◆ **What you will do**: Beginning with the line that holds "Titel: Dimensionen der" and finishing with the line that holds "Маяк-ВВ 404С с формирователем тахосигнала", repeat the listing exactly, leaving every picture out.

◆ **Records provided**:
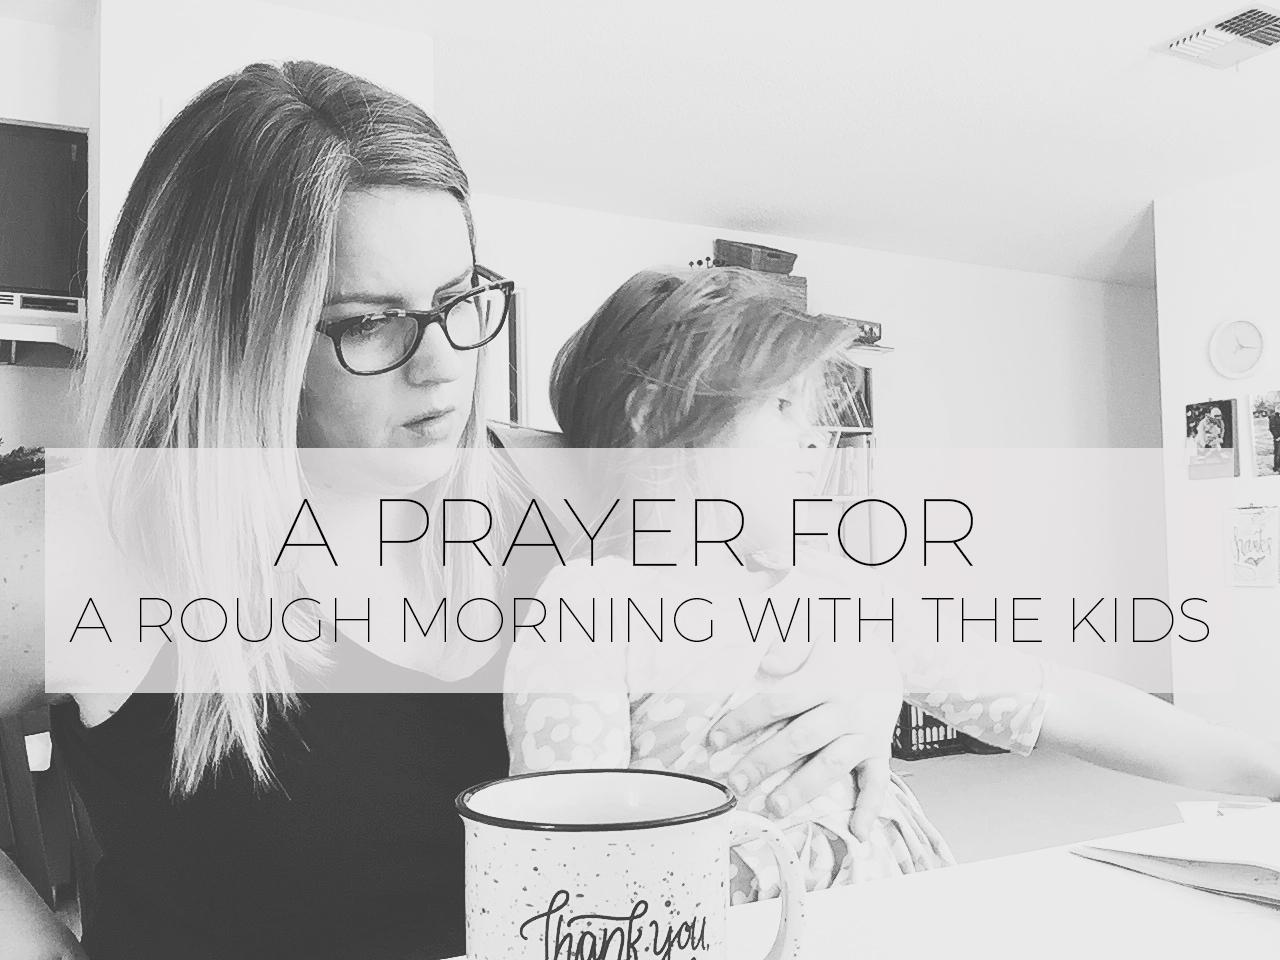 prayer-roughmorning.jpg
--
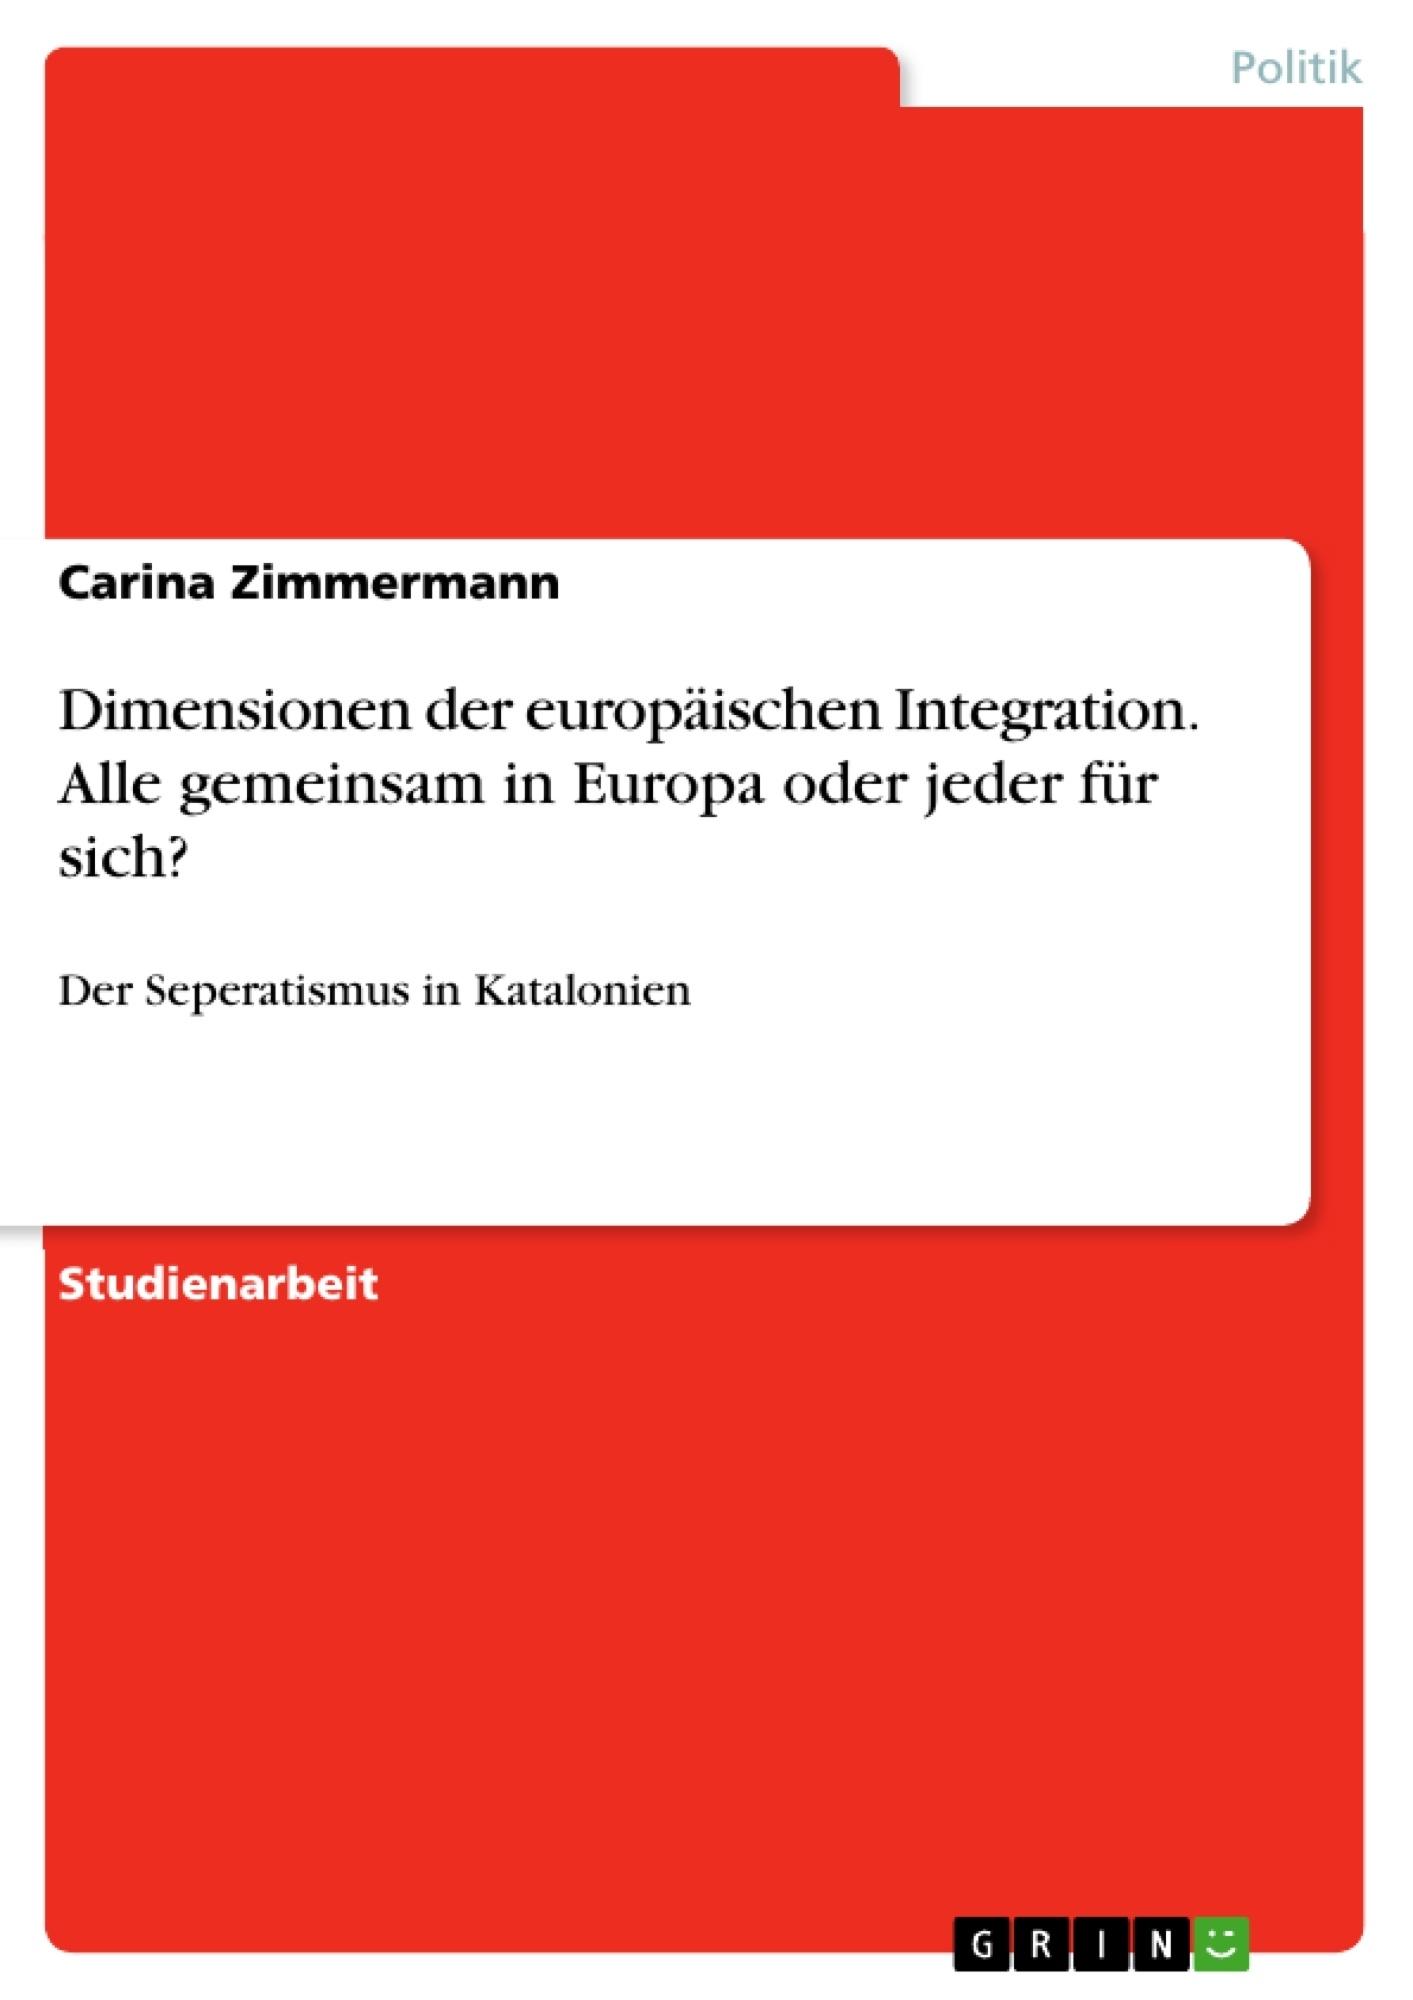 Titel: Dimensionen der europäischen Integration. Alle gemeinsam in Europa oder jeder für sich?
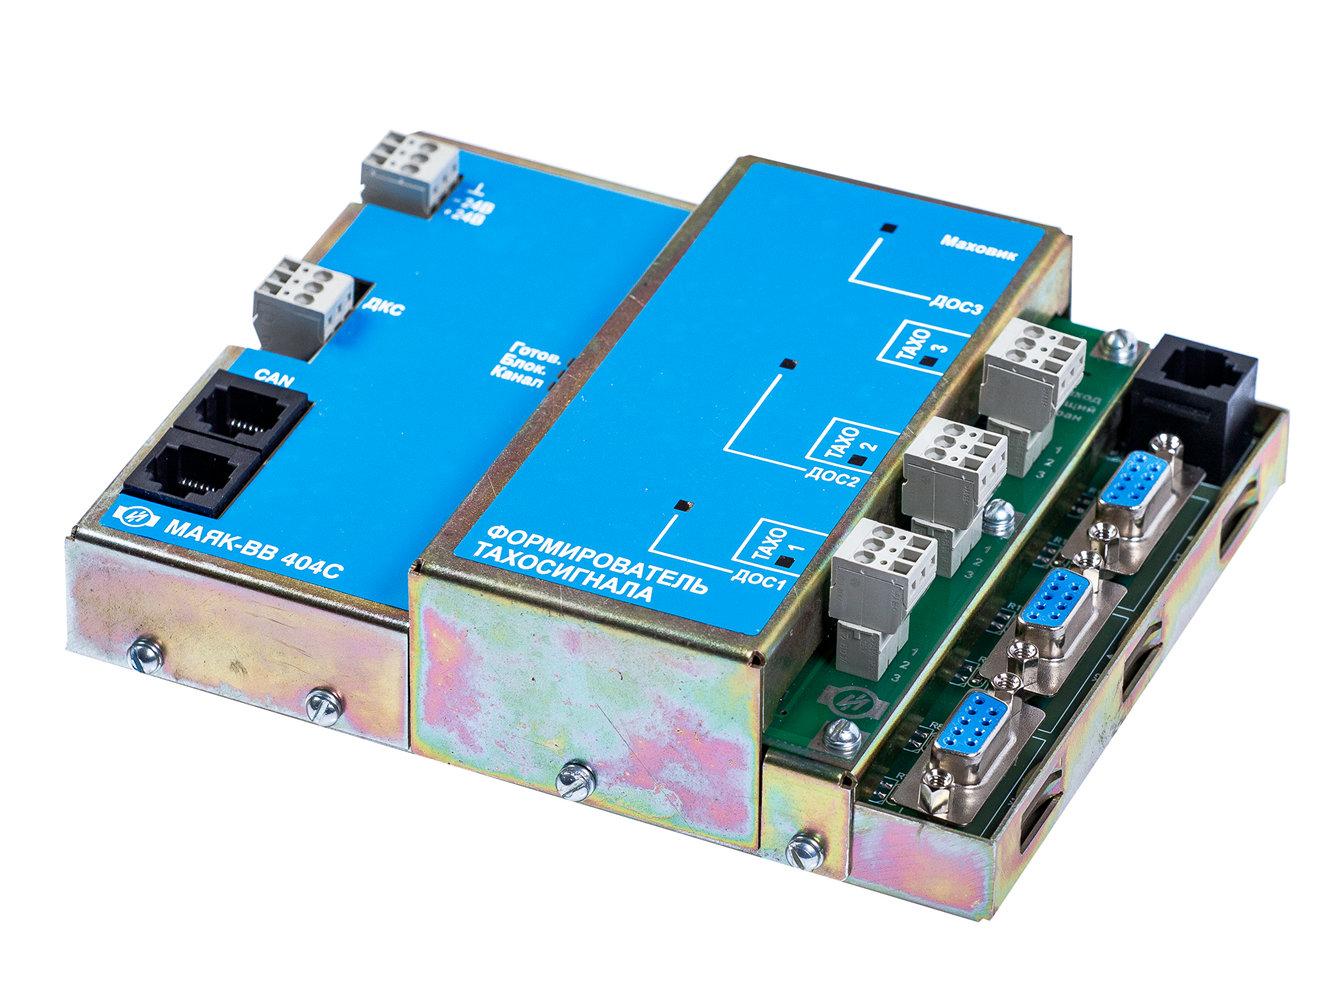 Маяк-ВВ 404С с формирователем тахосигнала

◆ **Completed task**:
 Titel: Dimensionen der europäischen Integration. Alle gemeinsam in Europa oder jeder für sich?
 Маяк-ВВ 404С с формирователем тахосигнала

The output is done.